- This article describes education without the Conclave DLC. For the education system with Conclave activated, see Education (Conclave).
Each character in the game has a childhood up until the age of 16. During this period of time the character is educated in the ways of life, represented by the character gaining traits and attributes. Education in the base game happens in three stages:
- Until the age of 6, the child's development is influenced by the primary parent. The primary character is decided by what type of marriage the child is a result of; if it is a patrilineal marriage the father is the primary parent, and if it is a matrilineal marriage the mother is the primary parent.
- At the age of 6, the assigned guardian takes over for nearly all purposes until the child comes of age at 16.
- At age 16, an education trait is assigned based on the final guardian's education trait.
Each adult can have up to two wards at a time. Guardians have increased plot power against their wards for the purpose of assassination.
You will receive an alert when a child in your court age 6 or older is without a tutor.
If you want to groom your grandson or a similar future heir is out of your control, you can ask to become their guardian on their sixth birthday. If your offer is accepted you will thus have the opportunity to groom your future heir, or ensure that a potential rival ends up with horrible traits, thus eliminating that threat.
Culture and religion
The child will often adopt the culture or religion of his tutor, hence the importance of guardian choice. This happens more often if the guardian is:
- Diligent for both culture and religion,
- Zealous for religion,
- Gregarious for culture.
The opposite traits Slothful , Cynical and Shy have the opposite effect.
However, these events will not happen if the tutor is not of the same culture or religion as their employer (landed nobles are their own employers).
One of the things a parent/guardian will affect is base attributes. It appears that each child has a chance once per year to increase each of their base attributes. The chance that an increase will occur is tied to the attribute of the parent/guardian.
Thus, a child will gain base attributes more quickly in an area the parent/guardian is skilled at than one which he/she's bad at. Thus children will often end up with a distribution of base attributes quite similar to their parent or guardian. This also means it can be more important to have a strong distribution of attributes in an heir's guardian/mentor, rather than one exceptionally strong attribute and very low other attributes.
According to one player's testing, a statistic of 17 or above make the child very likely to gain a point in that same attribute.
Ultimately there is an element of random chance, however, so it is possible that a child will get a distribution of base attributes quite different from the parent/guardian.

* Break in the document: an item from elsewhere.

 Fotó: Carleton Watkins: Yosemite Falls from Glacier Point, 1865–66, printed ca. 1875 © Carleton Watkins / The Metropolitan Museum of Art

Note that congenital traits (like quick or imbecile) seem to be reflected in the guardian's attributes and, therefore, increase / decrease the ward's chance to gain base attribute points.

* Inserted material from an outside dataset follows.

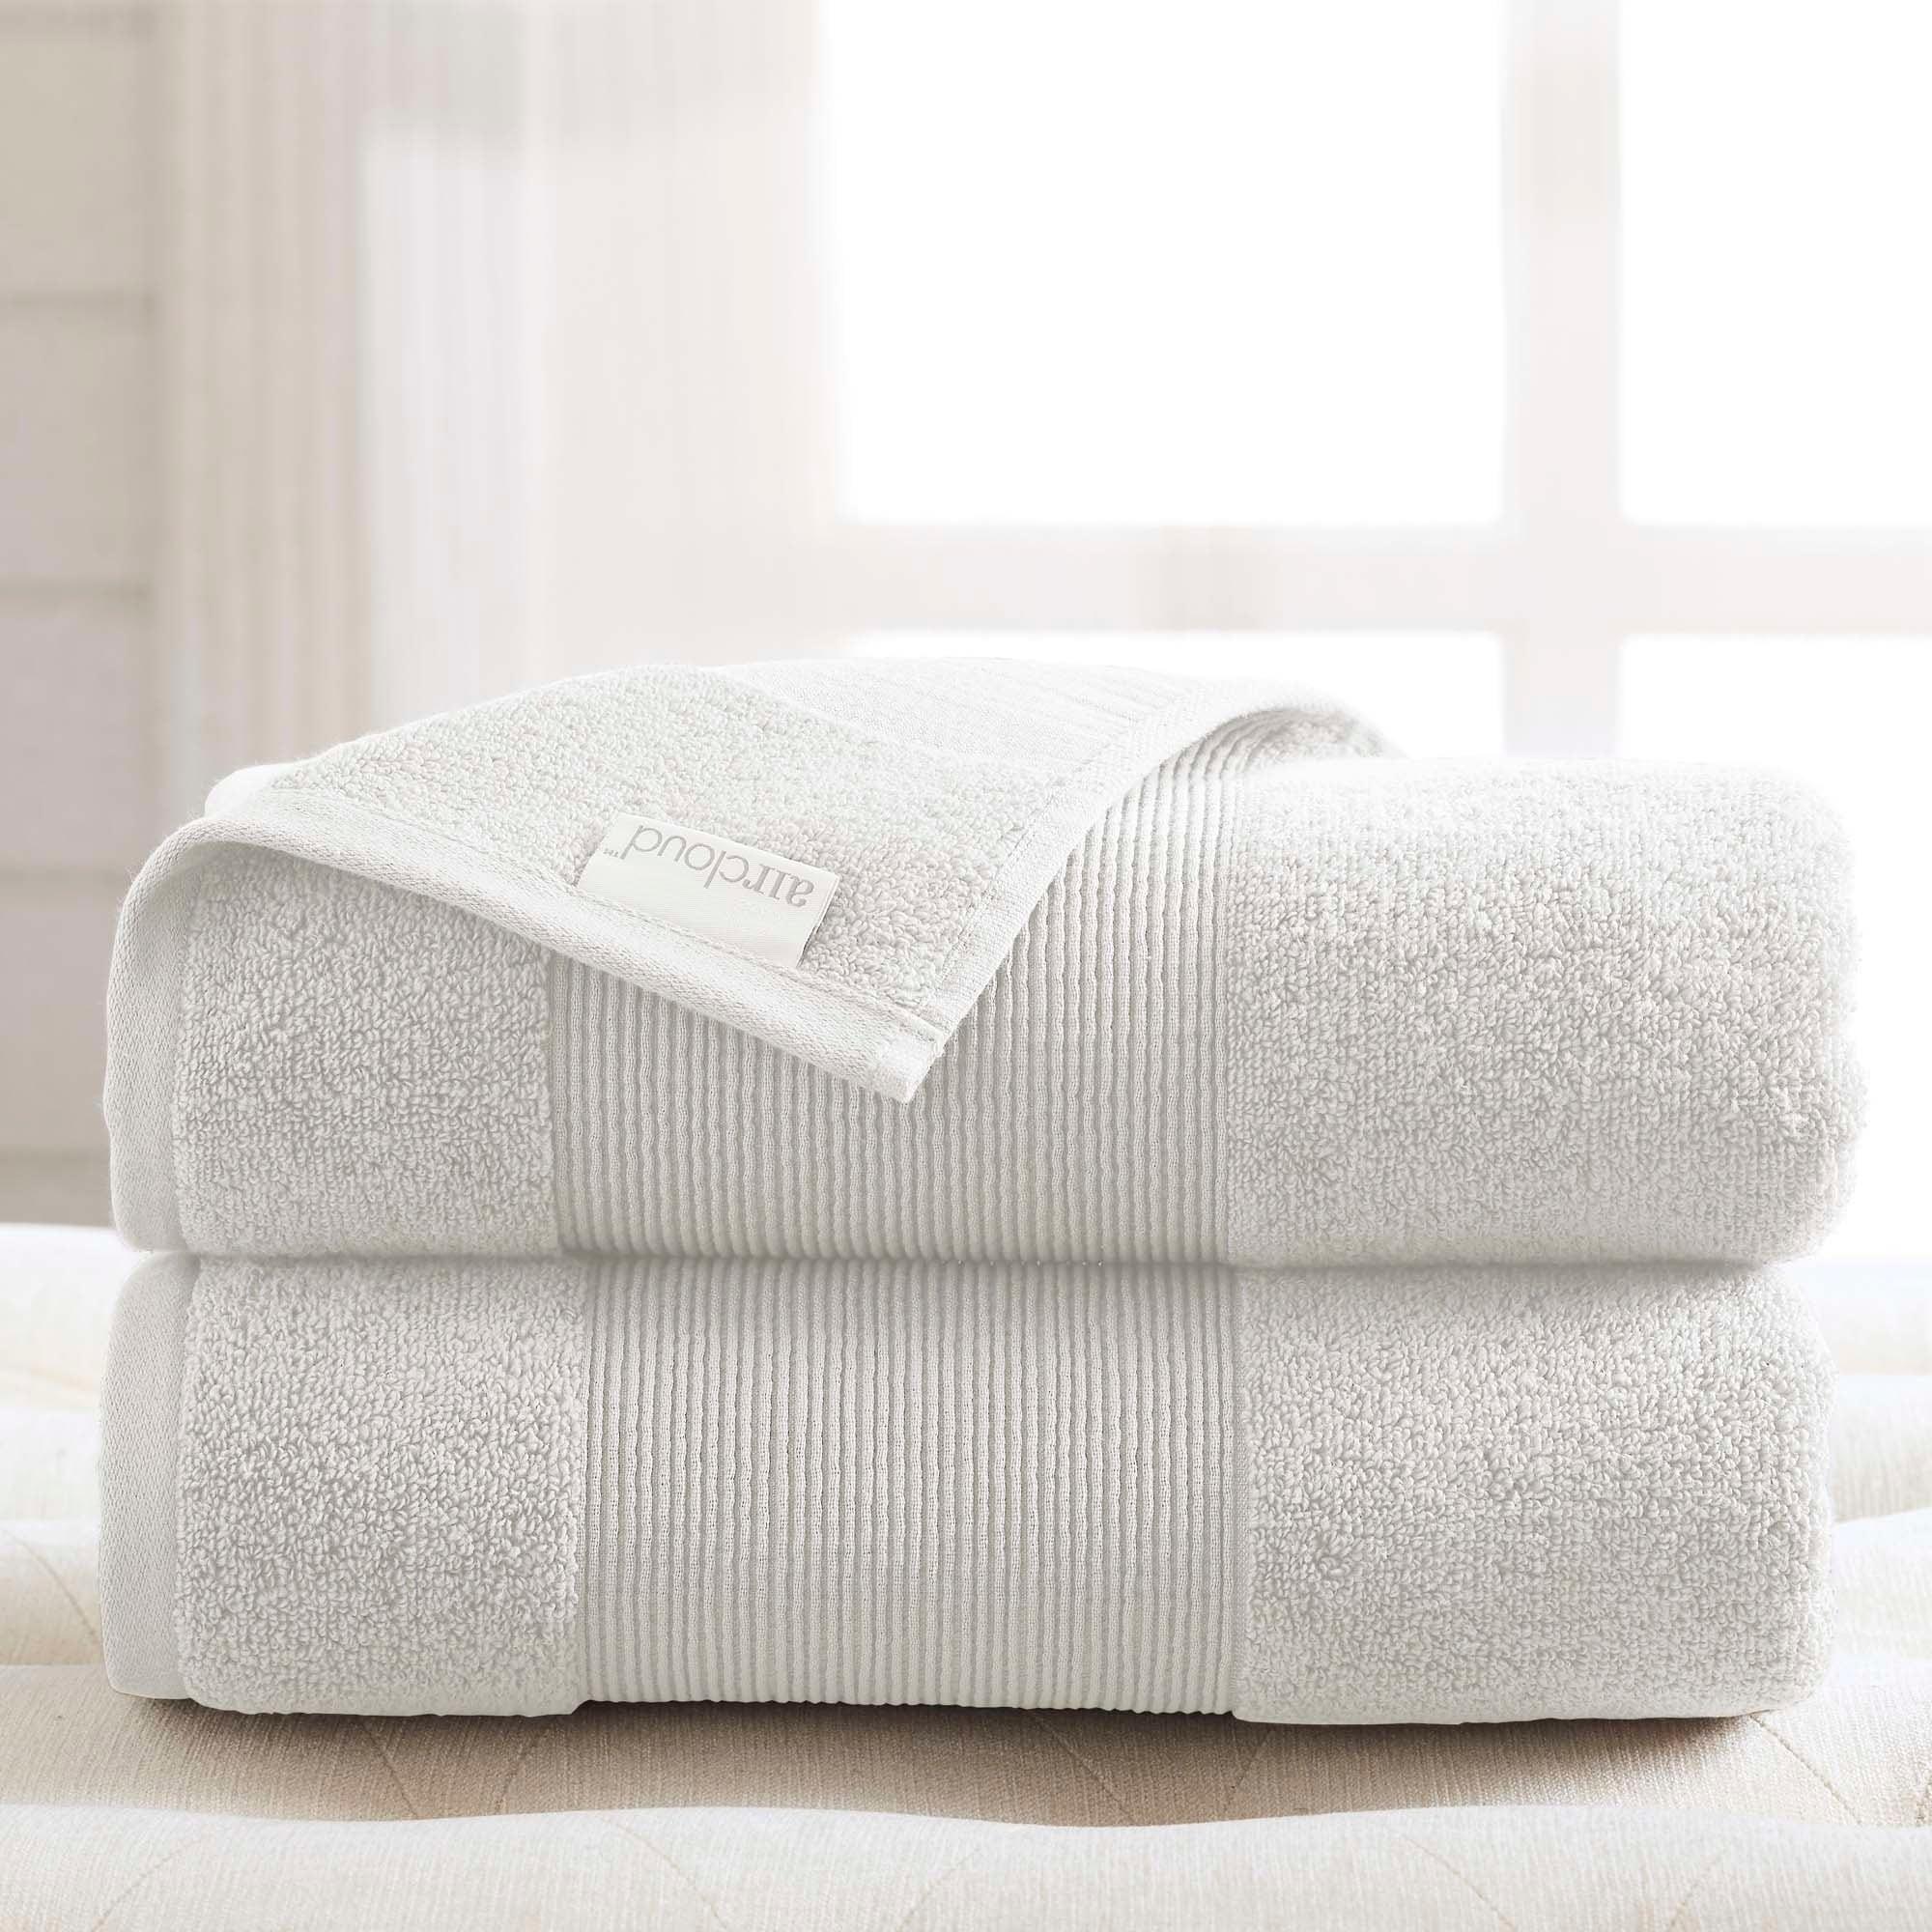 Home Furniture Diy Towels Pack 4 Bath Towel Bath Sheets And Jumbo Bath Sheets Luxury Egyptian Cotton Bortexgroup Com

Upon turning 16 and becoming an adult, the character will receive an Education trait.
For each attribute there are four levels, ranging from mediocre to great. The highest level improves that attribute by a large amount, and is thus highly desirable. What education trait a character gets is semi-random, but usually in the same area as their guardian, and often at the same level as well.

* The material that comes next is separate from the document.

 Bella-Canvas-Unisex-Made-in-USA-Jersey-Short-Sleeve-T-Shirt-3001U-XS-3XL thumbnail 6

The determination of the trait a child receives is hardcoded and not directly visible. Experimentation has shown that it only depends on the education trait of the guardian, which is therefore generally considered a very important factor when choosing a guardian:
- guardian skills, personality traits or opinion have no influence
- the length of time the guardian has educated the child has no impact
- education traits from all attributes behave in the same way.
The probability of getting:
- the same rank trait as the guardian is roughly 50%
- a rank one step away from the guardians rank is roughly 15-30%
- a rank two steps away from the guardians rank is roughly 5%-10%
- a rank three steps away from the guardians rank is roughly 8%
Some more detailed results from experiments:
Personality traits are also gained during tutoring and help define the character. AI guardians will generally encourage their wards to have traits similar to their own, while players acting as guardians are mostly free to guide wards in any chosen direction.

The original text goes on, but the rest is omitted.